- Keshav Pingali, The University of Texas at Austin
- Milind Kulkarni, Purdue University
- Mario Mendez-Lojo, The University of Texas at Austin
- Donald Nguyen, The University of Texas at Austin
The goal of this tutorial is to teach attendees how to systematically and effectively parallelize irregular applications for modern multicore systems. Irregular applications use pointer-based data structures like graphs and trees - some important examples are finite-element mesh generators and partitioners, SAT solvers, maxflow algorithms, and event-driven simulation. Until recently, relatively little was known about how to parallelize irregular applications systematically, in spite of their central role in many problem domains.

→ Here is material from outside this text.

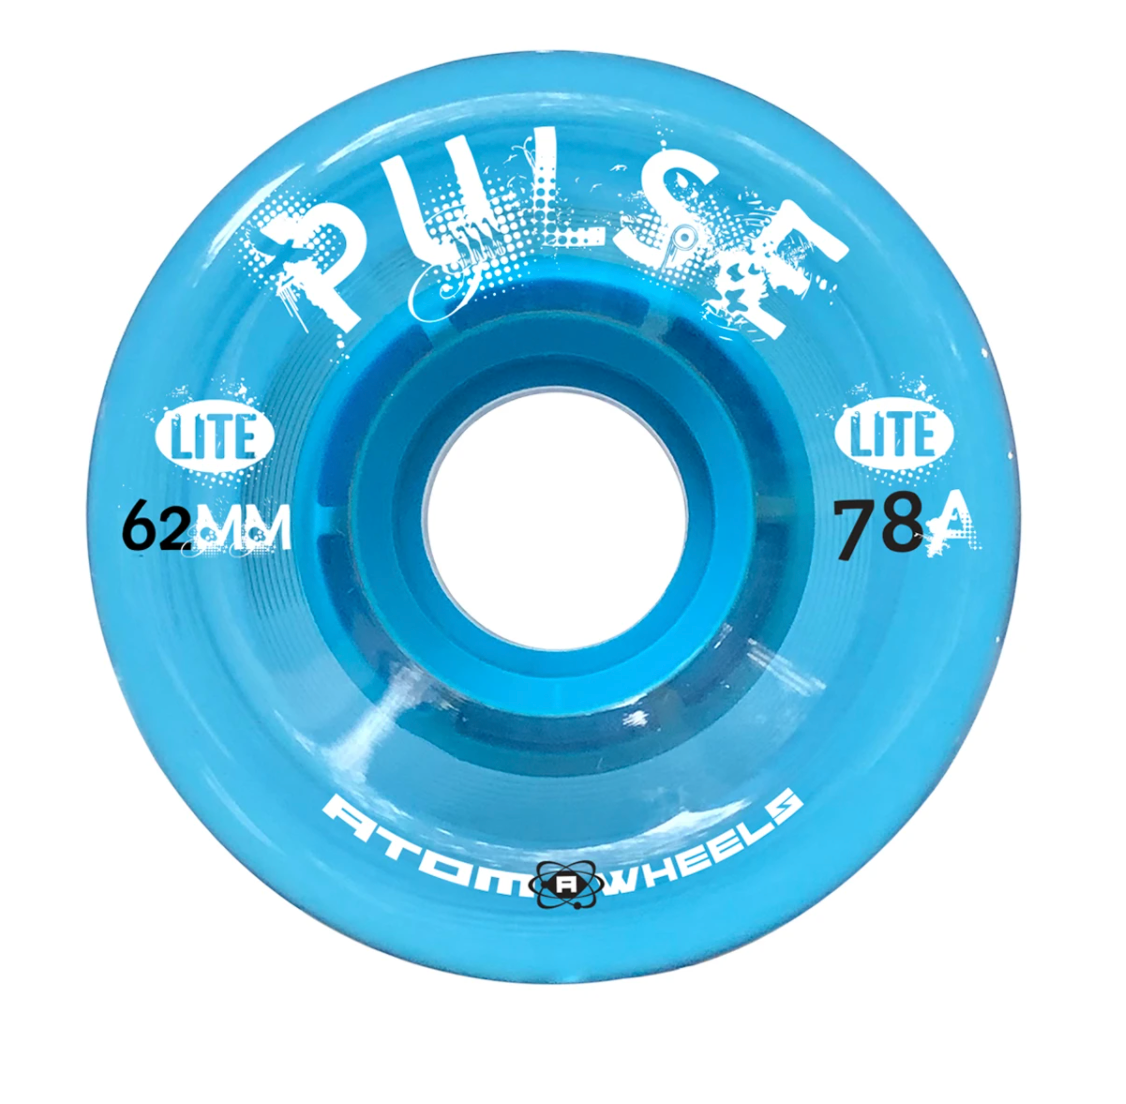 Atom Pulse Lite Outdoor Wheels 62MM 78A Blue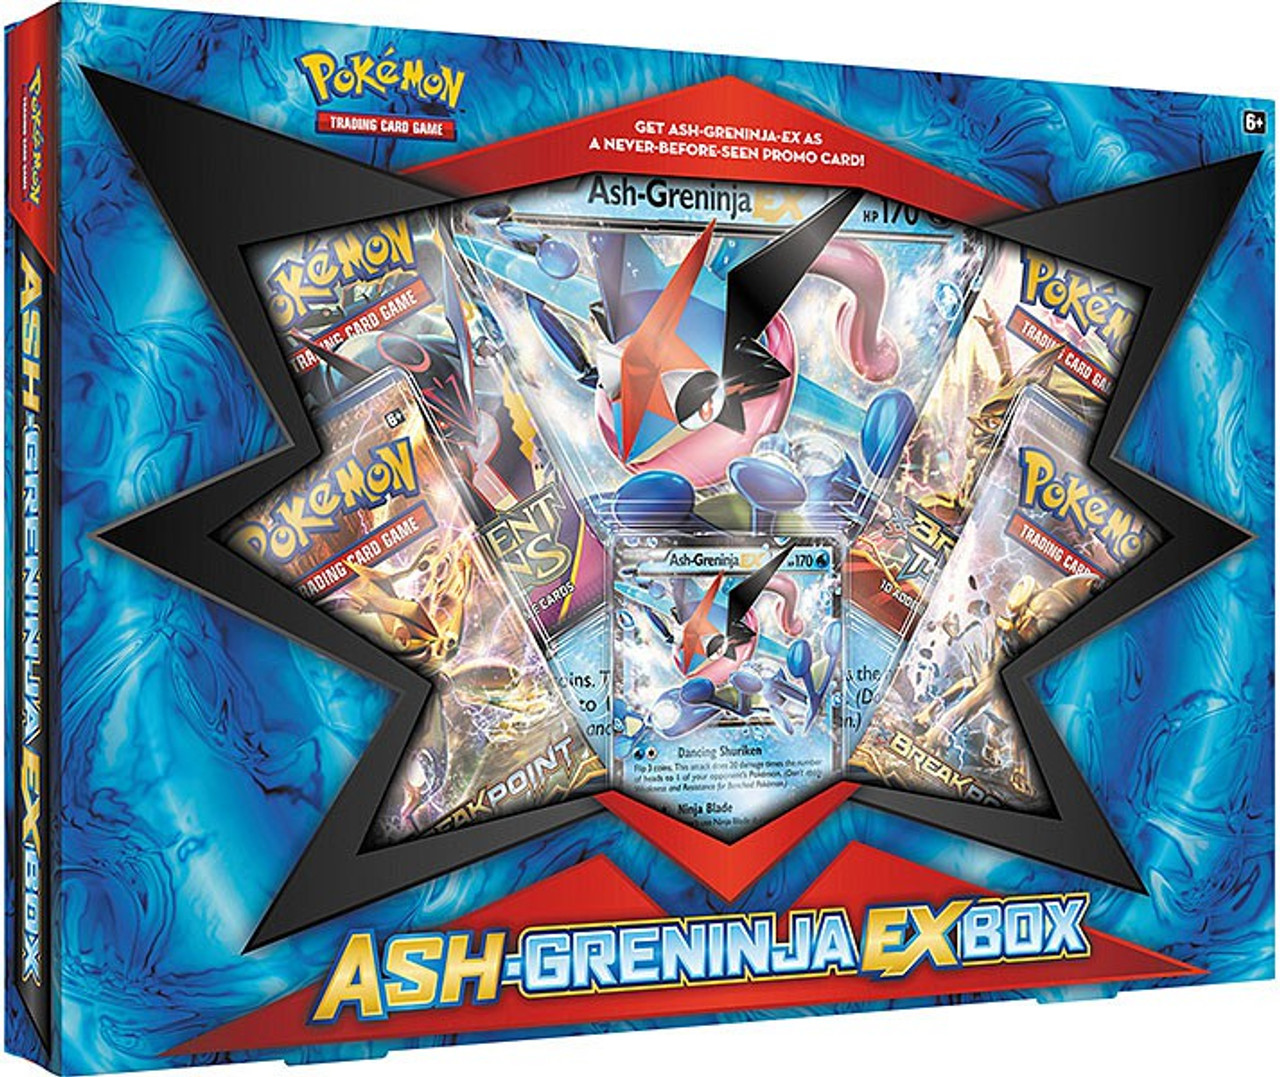 Pokemon Trading Card Game Xy Ash Greninja Ex Box 4 Booster Packs Promo Card Oversize Card Pokemon Usa Toywiz - ash greninja roblox

In this tutorial, we will first present a concept called amorphous data-parallelism (ADP), which captures the patterns of parallelism in irregular applications, and which includes the data-parallelism found in regular algorithms. Second, we will introduce ParaMeter, a tool that automatically extracts and analyzes the available ADP in Java programs. Third, we will demonstrate how to use ParaMeter to investigate parallelism of irregular algorithms. This analysis will show that applications from a broad range of domains exhibit large amounts of ADP and therefore lots of potential for parallelization. Fourth, we will explain how this parallelism can be exploited in a general way on multicore machines. Fifth, we will present several optimization strategies to reduce the overhead of the general parallelization approach, including data partitioning, fast conflict detection, and locality improvement. Attendees will be encouraged to experiment with ParaMeter during the tutorial, and they will receive a free copy for their own use.